Jams, Morabbas, Squashes and Sauces II

(Contd. from previous posting)

We had seen some general notes on jam making in our previous posting. Before we proceed to the recipes, let me also make it clear the following:

I had already stressed that it is easy to manage small quantities in cooking always and this holds good here also. Larger quantities require longer time to prepare which means loss of nutrients, flavour, darkening and improper end result.

Normally I advise fresh vegetables or fruits but if unavoidable, you can use frozen ones but the result may not be matching the one made out of fresh ones.

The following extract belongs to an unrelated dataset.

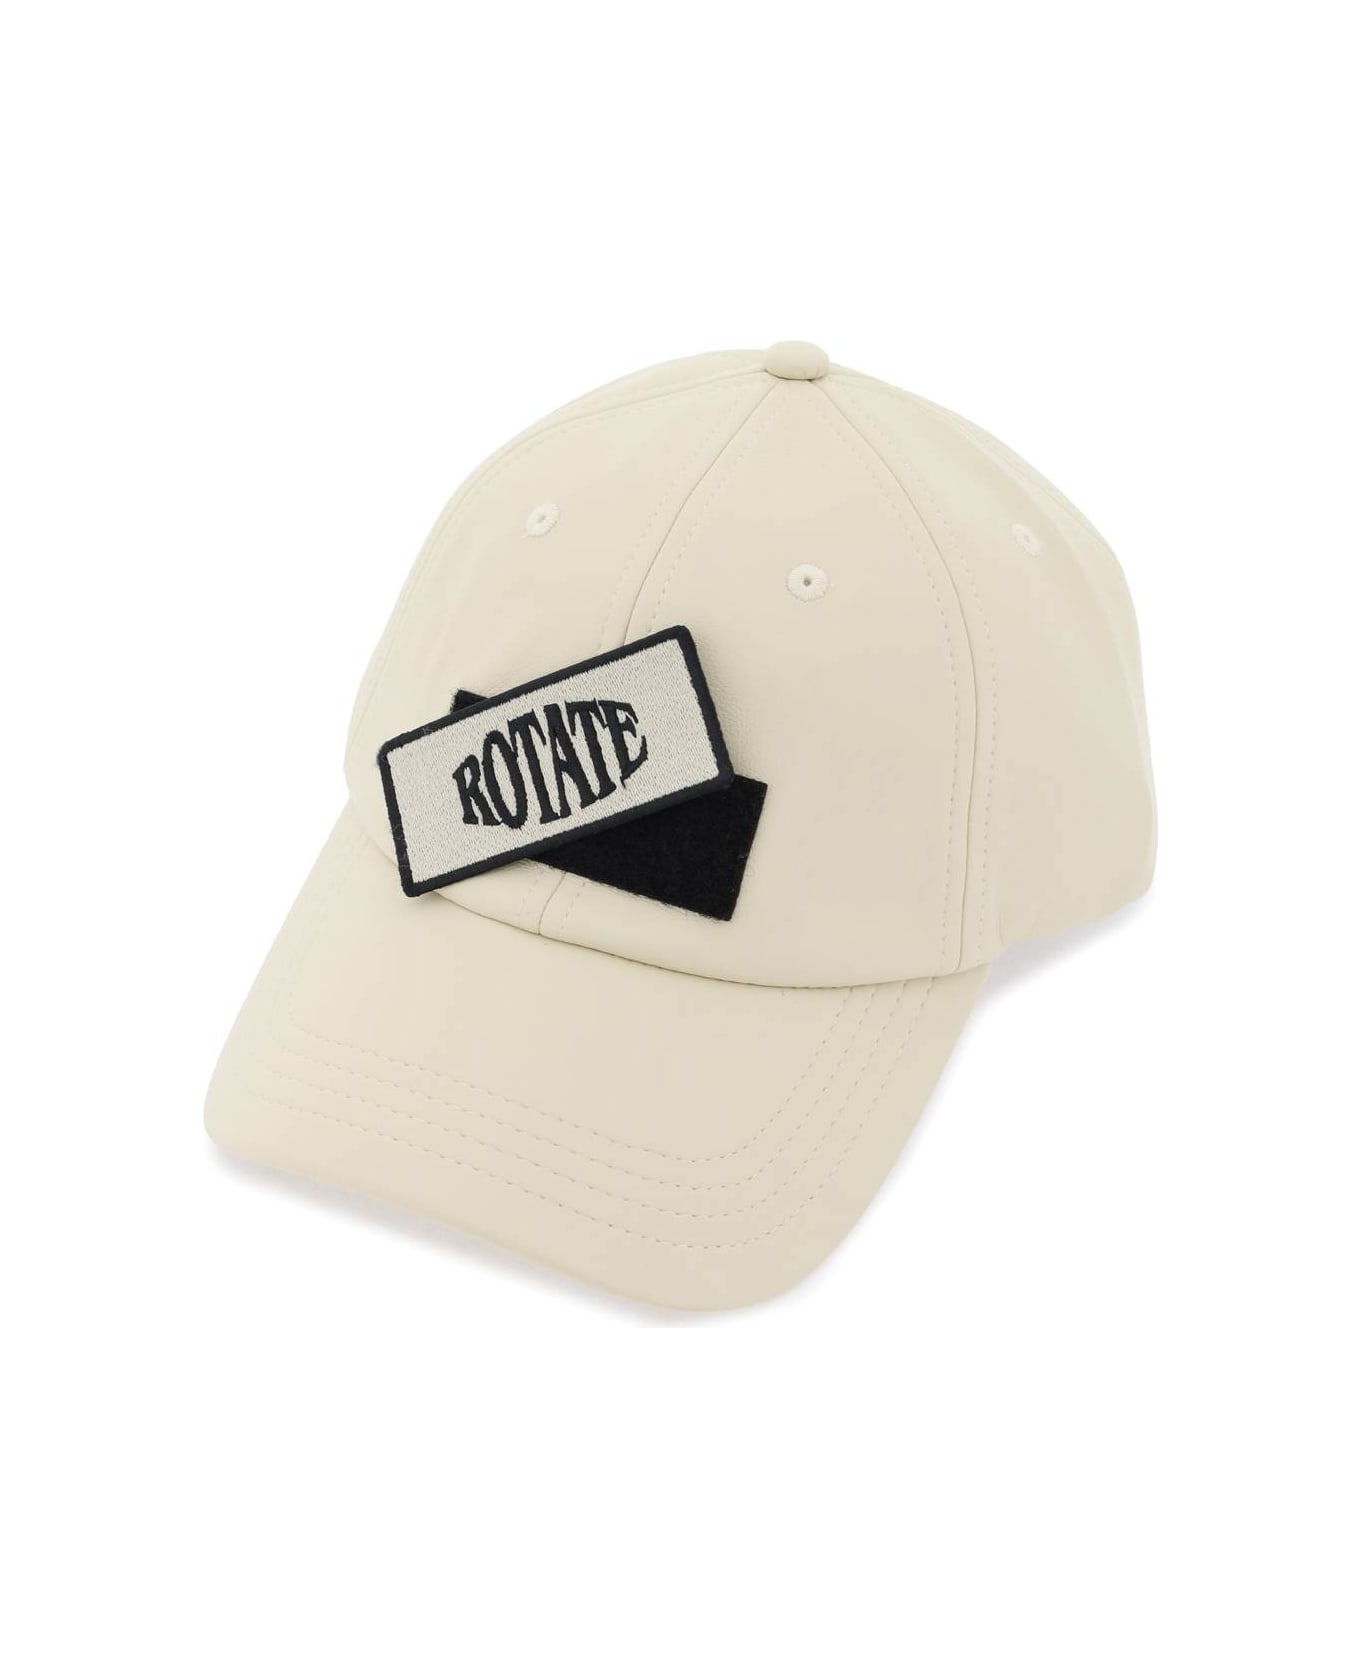 Rotate by Birger Christensen Baseball Cap With Logo Patch - OYSTER GRAY (Beige)
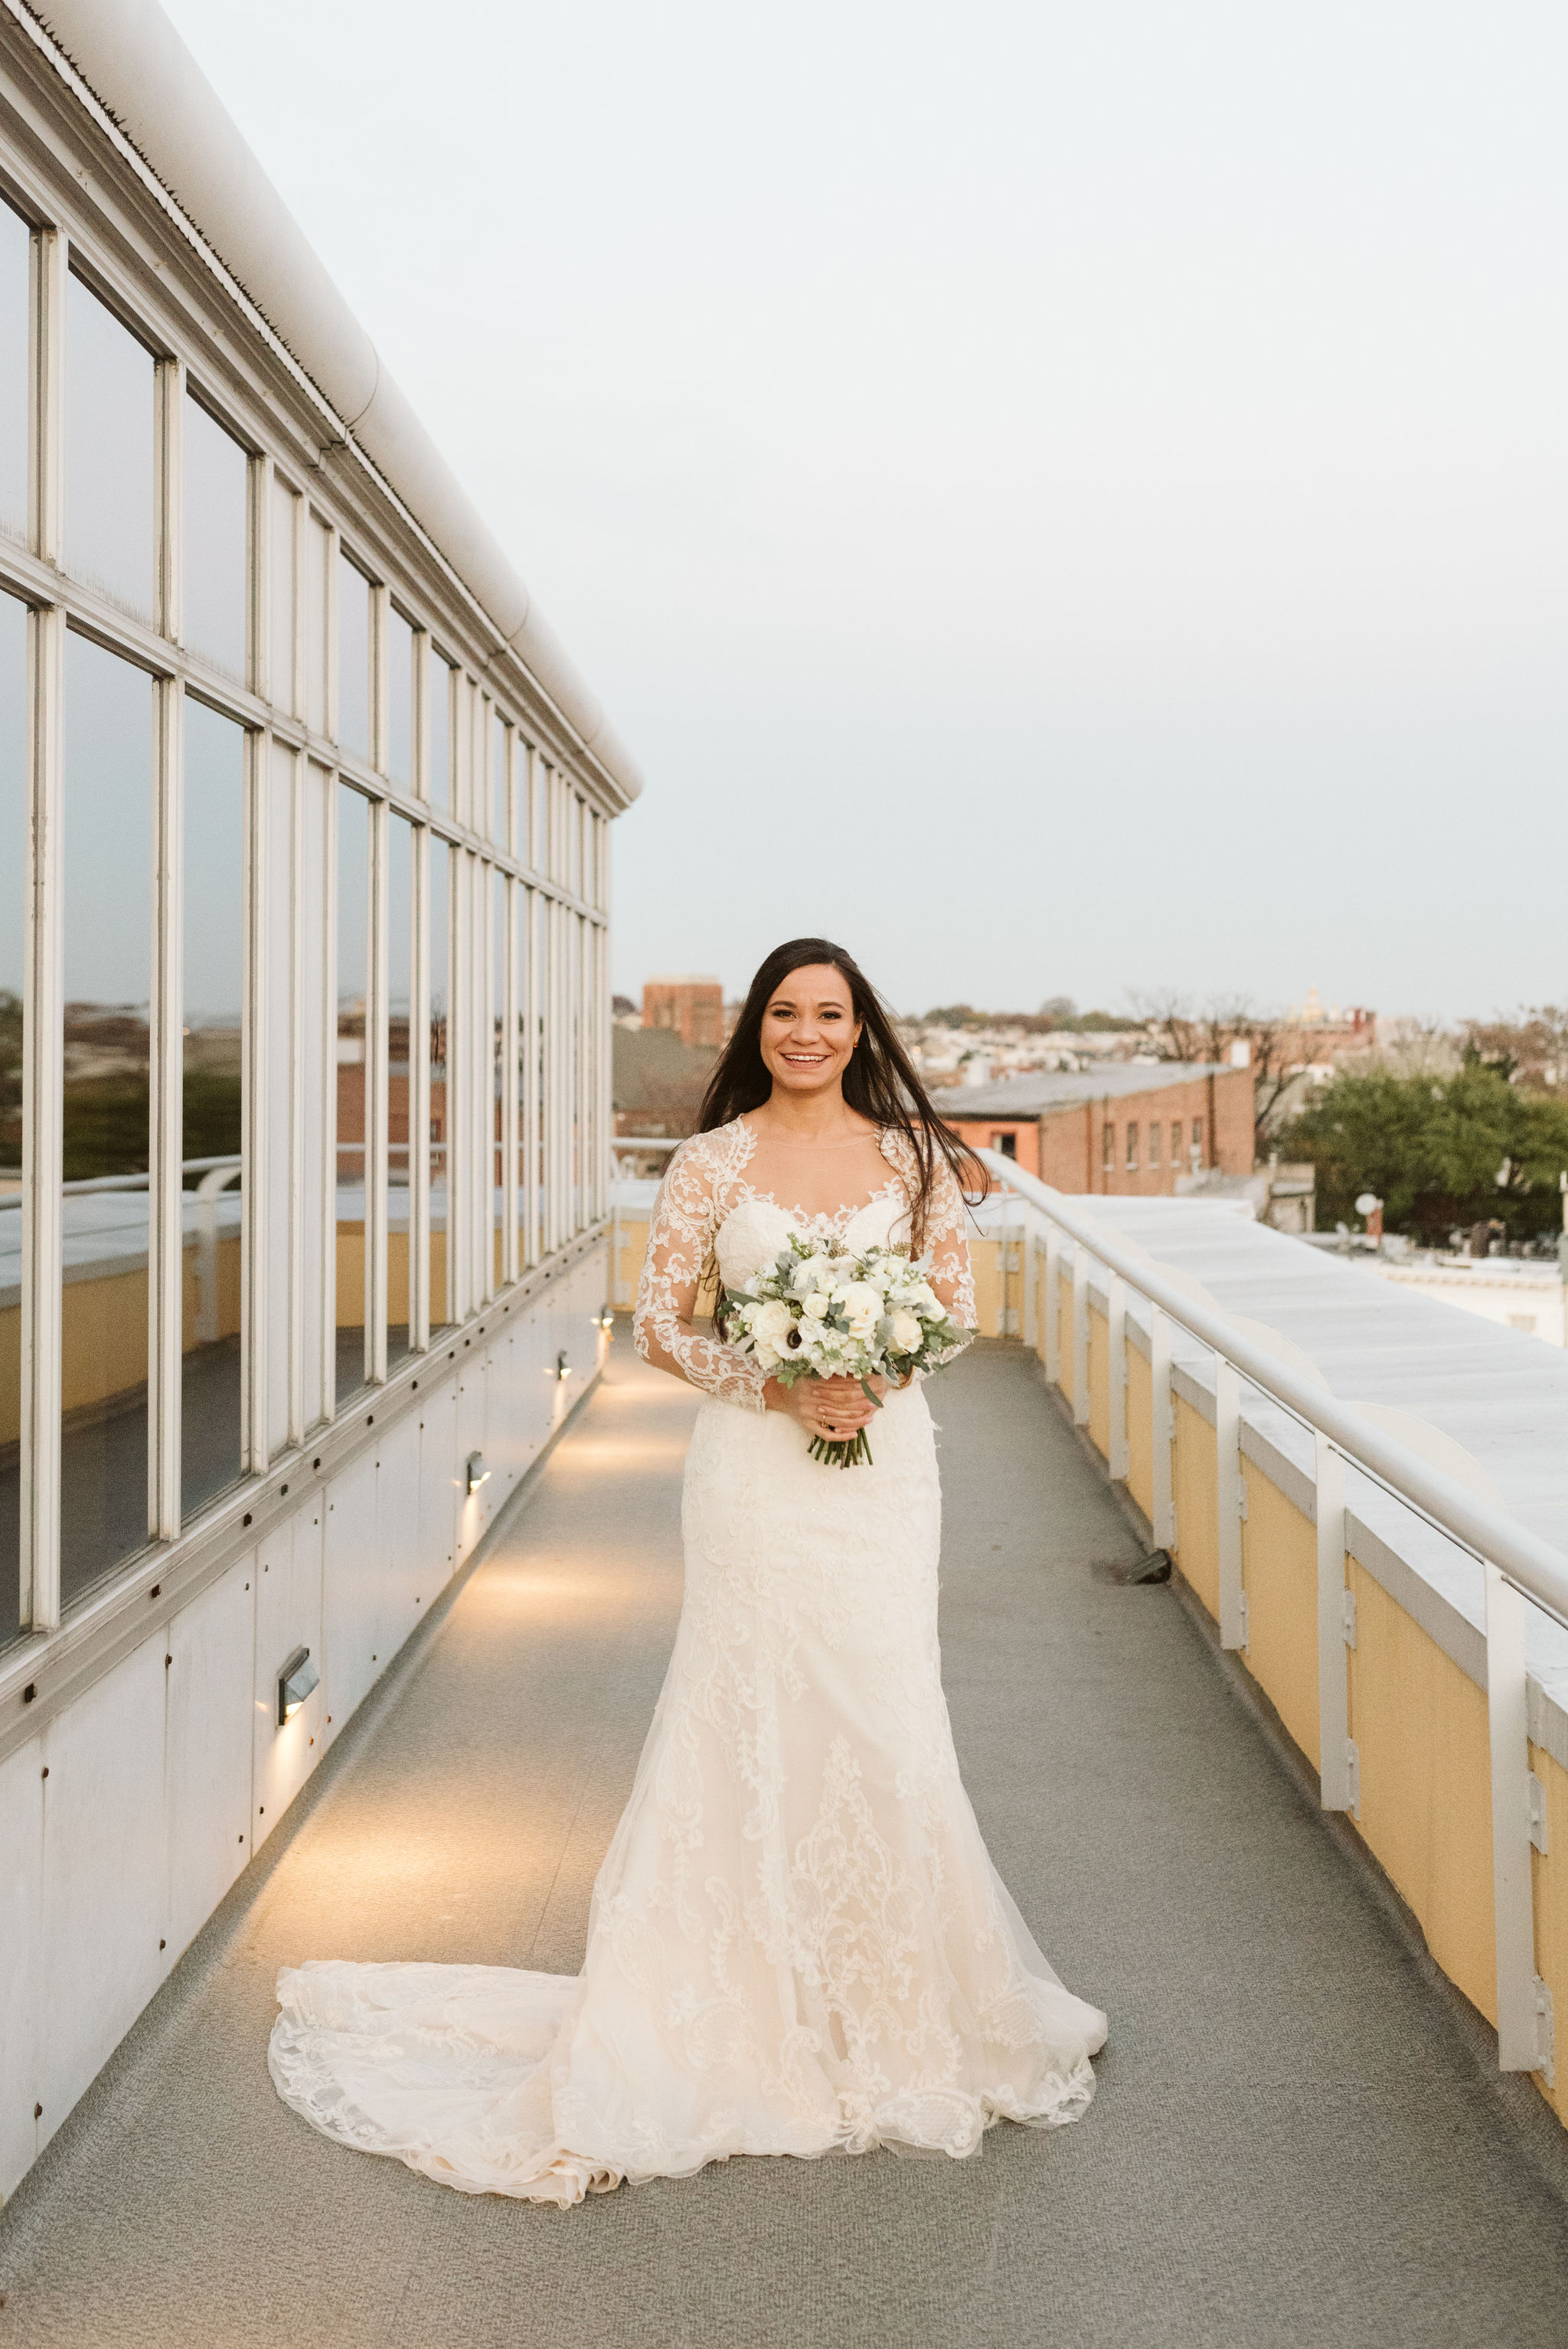  Baltimore, Fells Point, Maryland Wedding Photographer, Winter Wedding, Historic, Classic, Vintage, Portrait of Bride on Rooftop, Beauty by Jacs, Nutmeg Flowers

For jellying, never adopt slow boiling but fast rapid boiling only. Pectin, which thickens the jelly, gets destroyed if the juice is boiled slowly.

Never use wet ladle or spoon or hand directly. It will cause moulding or fermenting as a result of which it has to be discarded.

Sometimes jams or jellies become thin, soft and runny. This means that you need to thicken it. This can be done by just heating 1 or 2 cups of similar or neutral fruit juice (grape, apple etc) to boiling, pouring and stirring till the desired consistency is reached. Alternately you can increase the quantity of pectin through trial and error method (say 20% more to begin with) if it was used, or by adding it in the recipe as per the nature of pectin (dry or liquid and as directed on the packet). Instead you can also boil it completely for just one minute while stirring it.

If too thick reduce pectin in similar fashion or add a little more juice before cooking next time.

Citric acid crystals as well as sugar in addition to the natural preservatives in the fruit juice are sufficient. Yet, for best result, we need to use preservatives like Sodium Benzoate or Potassium Meta-bi-sulphite. These will be available in any good food stores or chemical shops. In these, Sodium Benzoate is a good preservative for pickles also.

Now let us begin with the procedure:

Mango Jam I

Preparation time: 1 hour Shelf life: 1 year  

Ingredients

 

Full ripe , fresh mango pulp

Just ripening fresh fruit pulp

Sugar

Citric acid crystals

Mango essence

Food colour

(Tartrazine yellow or green)

Sodium Benzoate

 

750 gems

250 gems

1 kg

1 tsp

3 ml

½ tsp

 

½ tsp

 

Fresh firm ripe and just ripening Mangoes 

Method

If fruit pulp is readily available you can skip the procedure to make the pulp.

Whenever you select fruits for jams or jellies, select ripe and fresh fruits but not too ripened ones. The fruits should be firm. Similarly select some just ripening fruits since these contain more pectin than the ripen varieties.

Wash the fruits well to remove mud, external impurities and dirt. Wipe with a clean cloth. Cool dry. Peel the skin. Cut the fruits with knife into pieces and deseed. Keep the pieces in a large vessel and smash into pulp. Measure these and add equivalent quantity of sugar. Mix well and heat. Constantly keep stirring. If you think that the contents are too thick to boil of their own accord, you may add a little water as deemed fit but do not add too much water. When it starts boiling add citric acid crystals and continue stirring. When it leaves the side by not sticking to the side and clear more or less, put off the fire and remove. Add the colour, essence and the preservative. Stir well and pour the hot jam in sterilized airtight jars and when cool seal the lid tightly. Store in a cool place or refrigerate.

 

Mango Pulp

Mango Jam II

 Preparation time: 1 hour Shelf life: 1 year  

Ingredients

 

Full ripe , fresh mango pulp

Sugar

Citric acid crystals

Pectin (dry)

Food colour (Tartrazine yellow)

Potassium Meta-bi-sulphite

 

250 gms

250 gms

¼ tsp

1 tsp

1 ml

¼ tsp

 

Method

If fruit pulp is readily available you can skip the procedure to make the pulp.

Wash the fruits well to remove mud, external impurities and dirt. Wipe with a clean cloth. Cool dry. Peel the skin. Cut the fruits with knife into pieces and deseed. Keep the pieces in a large vessel and smash into pulp. Measure these and add equivalent quantity of sugar. Mix well and heat. Constantly keep stirring. If you think that the contents are too thick to boil of their own accord, you may add a little water as deemed fit but do not add too much water. When it leaves the side by not sticking to the side and clear more or less, put off the fire and remove. Dissolve citric acid, pectin and potassium meta-bi-sulphite in ¼ cup of hot water and mix it in the jam well. Pour the hot jam in sterilized airtight jars and when cool seal the lid tightly. Store in a cool place or refrigerate.